“Exquisitely acted, with a gorgeous, expressionistic Terence Blanchard score, this is one of Mr. Lee’s most enduring films. Long before it opened, a lot of the discussion surrounding “Malcolm X” involved the personalities and legacies of both its subject and its director, but in the end this is a film that should be seen for what it is: great cinema” (Manohla Dargis).
Directed by Spike Lee and starring Denzel Washington, the film “Malcolm X” (1992) lands at #26 on The New York Times “28 Days, 28 Films for Black History Month” list published this month.
Through enormous charisma and passion, Mr. Washington exemplified the power and transformation of the street hustler, Malcolm Little, who became a profound religious and political leader we know today as Malcom X.

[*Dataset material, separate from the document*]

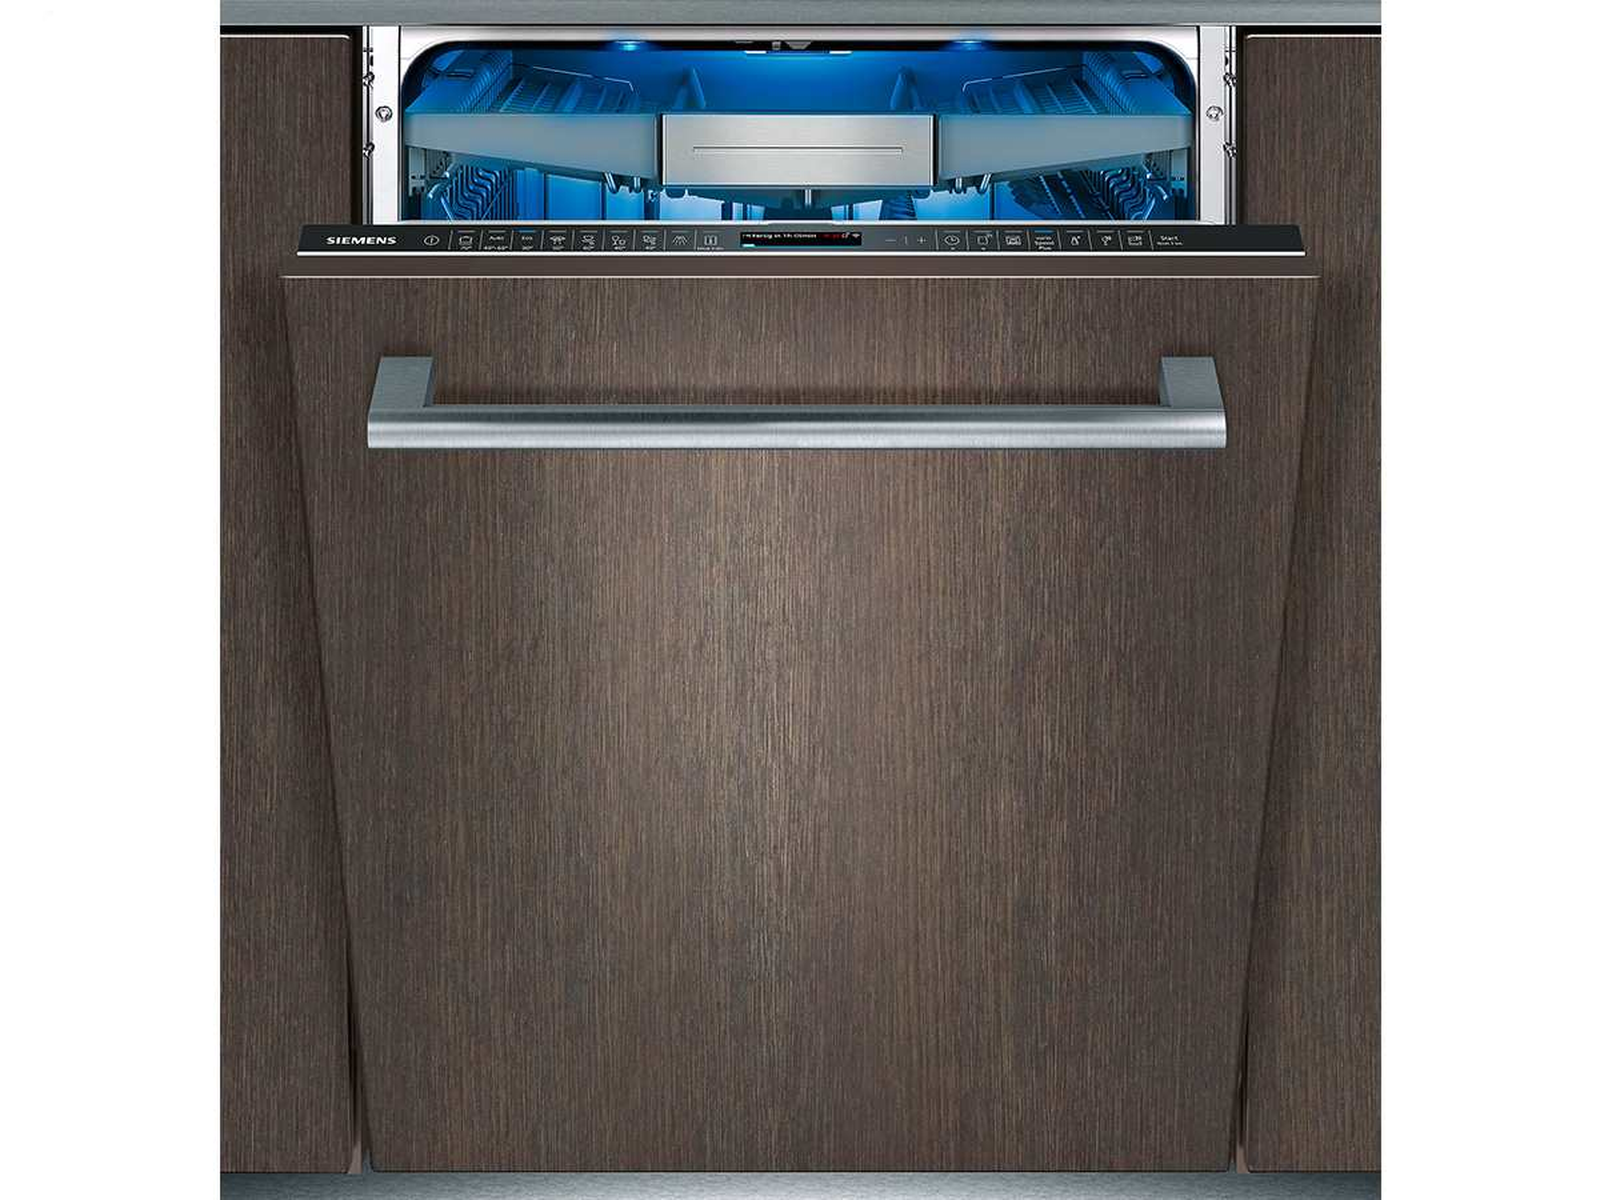 Gorenje Kühlschrank Brummt : Siemens sx678x36te vollintegrierbarer einbaugeschirrspüler xxl
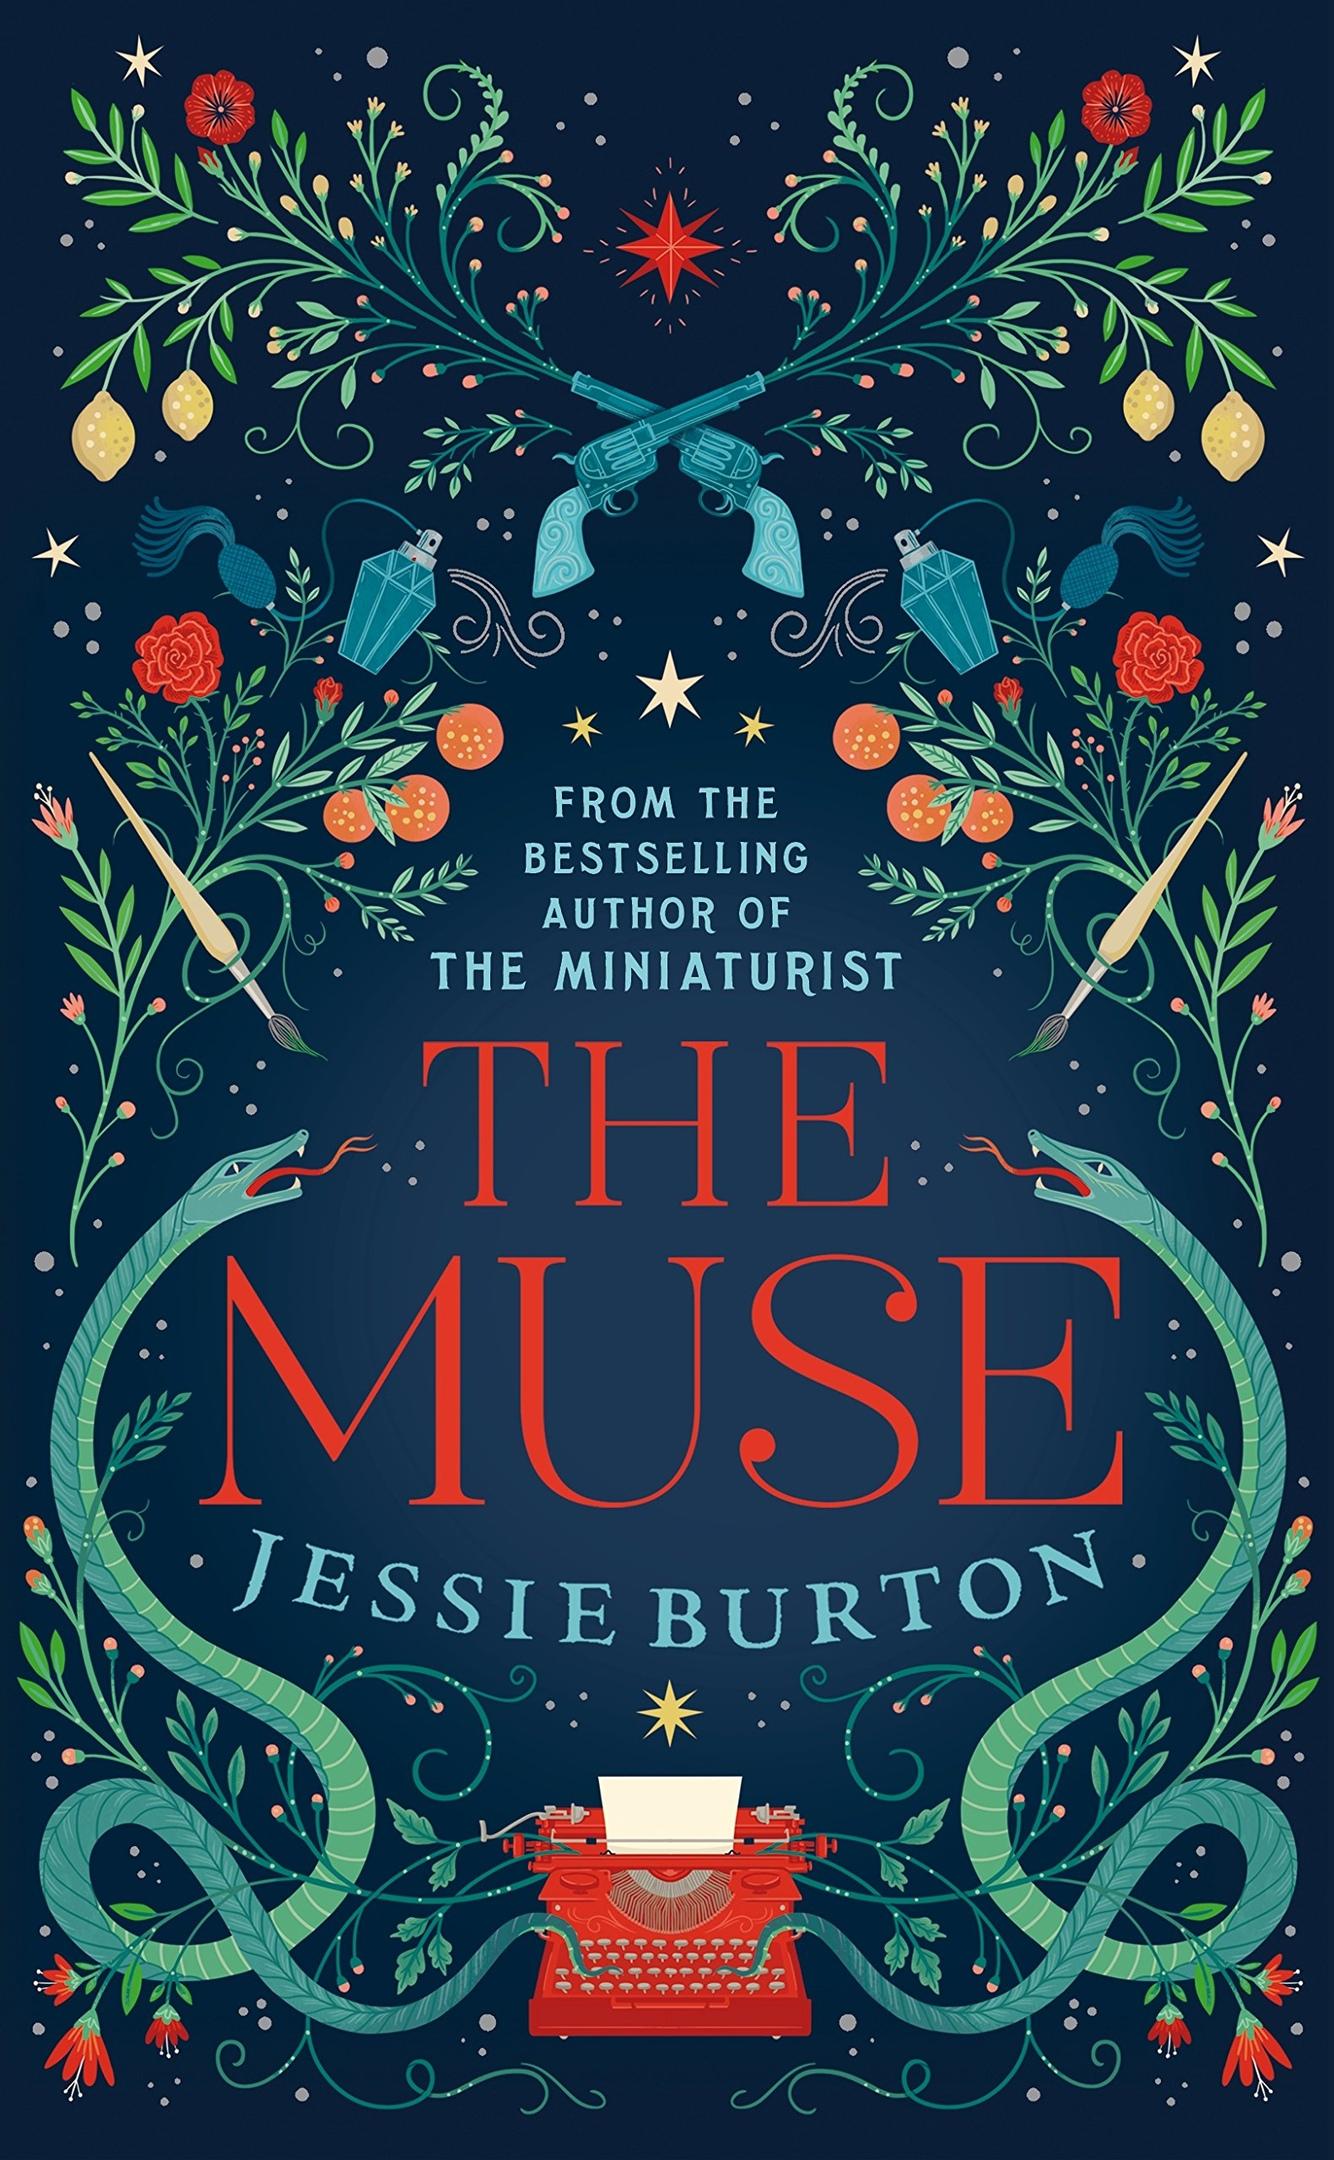 Jessie Burton – The Muse

After refusal for additional funding, when “Malcom X” went over its $28 million budget, Spike Lee sought the help of outside allies including Oprah Winfrey, Michael Jordan, Bill Cosby, Magic Johnson, Janet Jackson, Prince, and more. Receiving more than enough help, “Malcom X” was finished with an integrity to share truth on a story that needed to be told.
“These are black folks with some money who came to the rescue of the movie,” said Lee at a conference in Harlem. “As a result, this film will be my version. Not the bond company’s version, not Warner Brothers’s.
As an honorable initiative, The New York Times recently published a list of essential movies like “Malcom X” from the 20th century films, chosen by chief film critics, that convey the larger history of black Americans.
This month, Andersen Library will join The New York Times initiative through our Black History Month display of ‘Stories Have Power’. This display, arranged on the second floor, will feature 21 out of those 28 critically acclaimed films seen on The New York Times list.
These stories will have power in this space. We here at Andersen Library hope that the UW-Whitewater community will share these stories and spread their power outside of Andersen’s walls.
Especially during this month, take a look at these films and consider the power that rests in each and every one of those stories.